Ghost town in Washington County, Kansas

Strawberry is a ghost town in Washington County, Kansas, United States. It was first settled in the spring of 1861 and was named after the wild strawberries growing in the area.

==History==
Strawberry was first settled in the spring of 1861 by John Mildfelt, John Gieber, and Peter Gieber. Other settlers followed, including Peter George Stegman in 1865, and William Bell in 1868. The town's first wedding took place on January 1, 1868, between John Gieber and Susanna Kieffer. By this year, five families lived in the town, home to a post office, a general store, and a school district.
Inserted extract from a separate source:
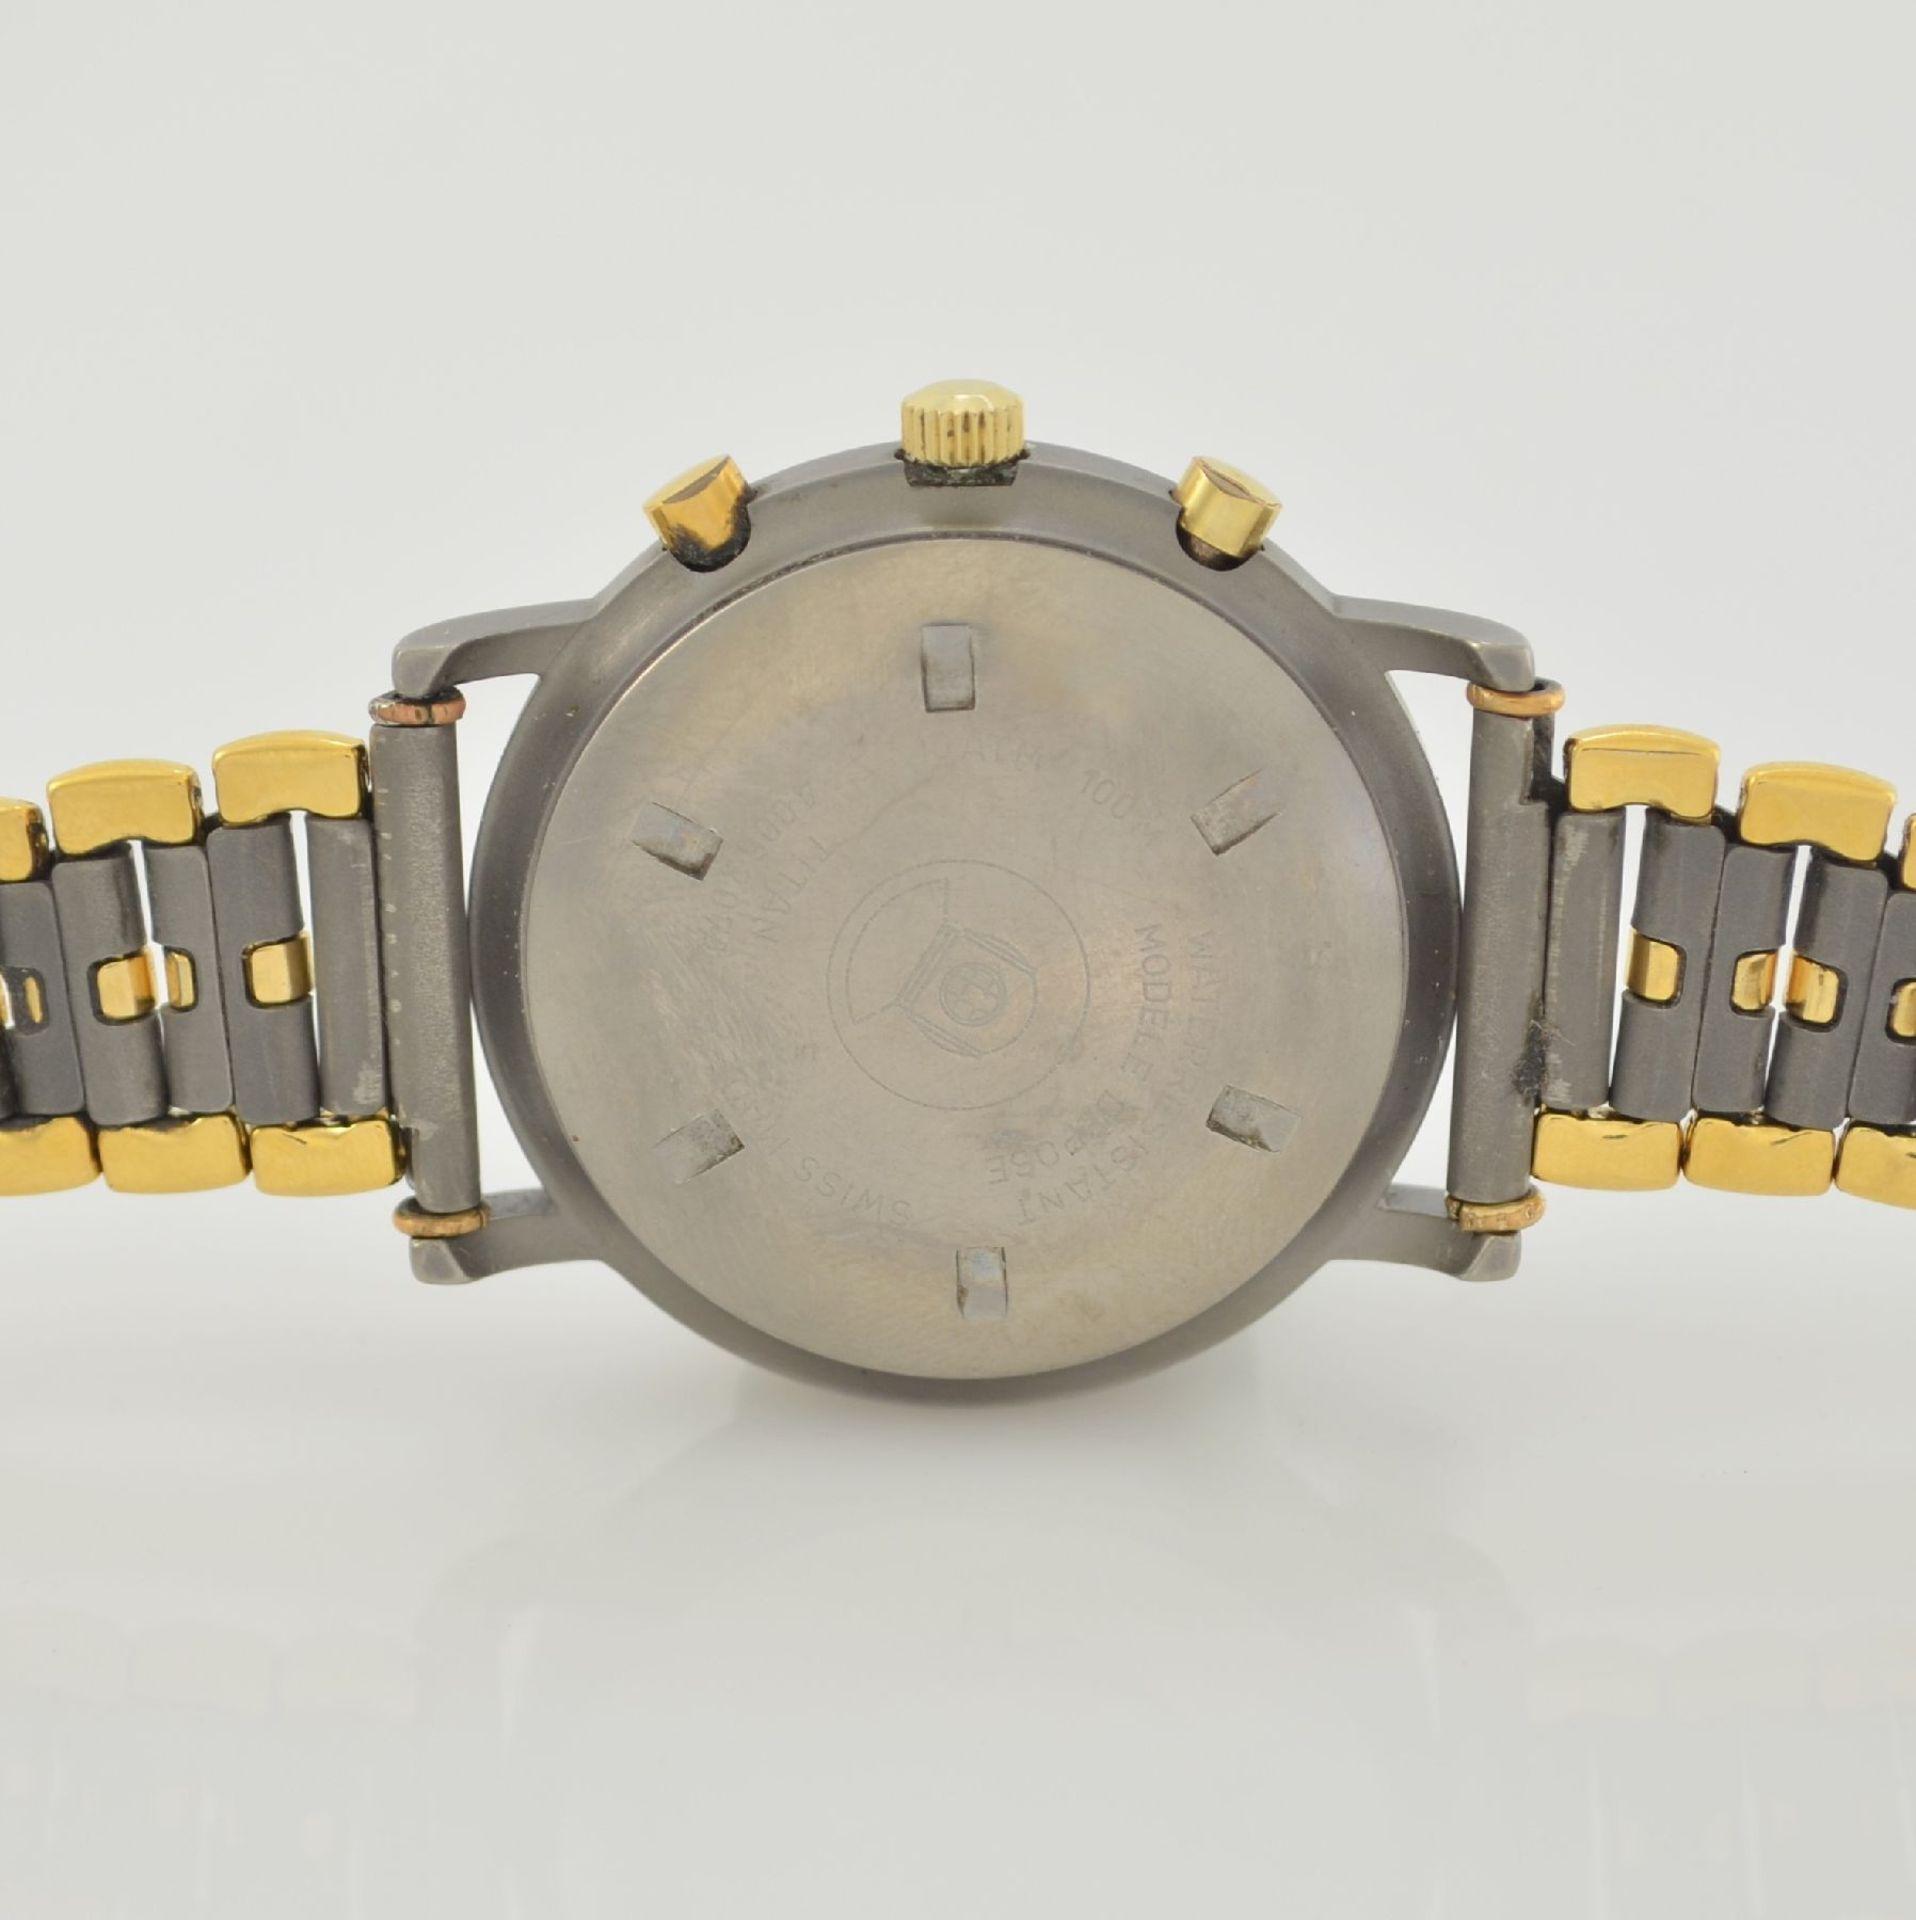 ZENTRA Herrenarmbanduhr Armbandchronograph, Automatik, Schweiz um 1987, Titangeh. inkl. - Bild 6 aus 6

The general store was the town center, owned by Art Leiszler. The Leiszler family also ran the post office. Peter Gieber was the first postmaster.

The town's first death took place in 1870. Katherine Myers was driving her cattle home when night fell. She became disoriented and got lost. She wandered into Republic County and was shot when a settler mistook her for a wolf.

On July 2, 1871, residents from the northern part of Clifton Township presented a petition to the county board to form a new township. The petition was granted. The township of Strawberry was officially created. It was named by Roger Howley and a Mr. Alcott after the wild strawberries growing in the area, specifically after a large bed near the town center.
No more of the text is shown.